WORK ORDER: Repeat exactly the lines below that lie between the line with "Principles And Practice" and the line with "Habitech 2-Pack In-Line", counting both of those lines as part of the answer.

RECORDS FOR PROCESSING:
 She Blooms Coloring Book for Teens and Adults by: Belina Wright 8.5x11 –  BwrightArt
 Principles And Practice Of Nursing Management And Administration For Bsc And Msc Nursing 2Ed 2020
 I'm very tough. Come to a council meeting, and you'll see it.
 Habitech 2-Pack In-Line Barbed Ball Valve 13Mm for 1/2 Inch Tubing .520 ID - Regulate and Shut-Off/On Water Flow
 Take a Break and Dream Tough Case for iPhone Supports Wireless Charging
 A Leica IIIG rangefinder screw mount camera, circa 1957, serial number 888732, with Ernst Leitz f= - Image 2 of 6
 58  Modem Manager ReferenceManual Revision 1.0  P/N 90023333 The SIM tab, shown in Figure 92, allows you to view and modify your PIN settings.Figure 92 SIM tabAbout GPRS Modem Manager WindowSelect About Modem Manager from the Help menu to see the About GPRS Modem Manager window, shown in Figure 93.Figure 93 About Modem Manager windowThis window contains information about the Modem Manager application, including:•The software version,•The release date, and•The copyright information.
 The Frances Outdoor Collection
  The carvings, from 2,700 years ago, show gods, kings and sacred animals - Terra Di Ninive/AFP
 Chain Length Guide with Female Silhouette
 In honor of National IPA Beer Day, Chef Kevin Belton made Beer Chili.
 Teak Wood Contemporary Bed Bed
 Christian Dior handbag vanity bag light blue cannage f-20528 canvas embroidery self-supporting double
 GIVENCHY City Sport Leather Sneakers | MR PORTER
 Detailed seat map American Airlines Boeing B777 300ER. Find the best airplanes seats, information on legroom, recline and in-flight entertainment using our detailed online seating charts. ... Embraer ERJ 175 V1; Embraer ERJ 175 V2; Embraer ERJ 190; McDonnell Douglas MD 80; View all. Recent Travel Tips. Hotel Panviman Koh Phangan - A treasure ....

WRITTEN REPLY:
 Principles And Practice Of Nursing Management And Administration For Bsc And Msc Nursing 2Ed 2020
 I'm very tough. Come to a council meeting, and you'll see it.
 Habitech 2-Pack In-Line Barbed Ball Valve 13Mm for 1/2 Inch Tubing .520 ID - Regulate and Shut-Off/On Water Flow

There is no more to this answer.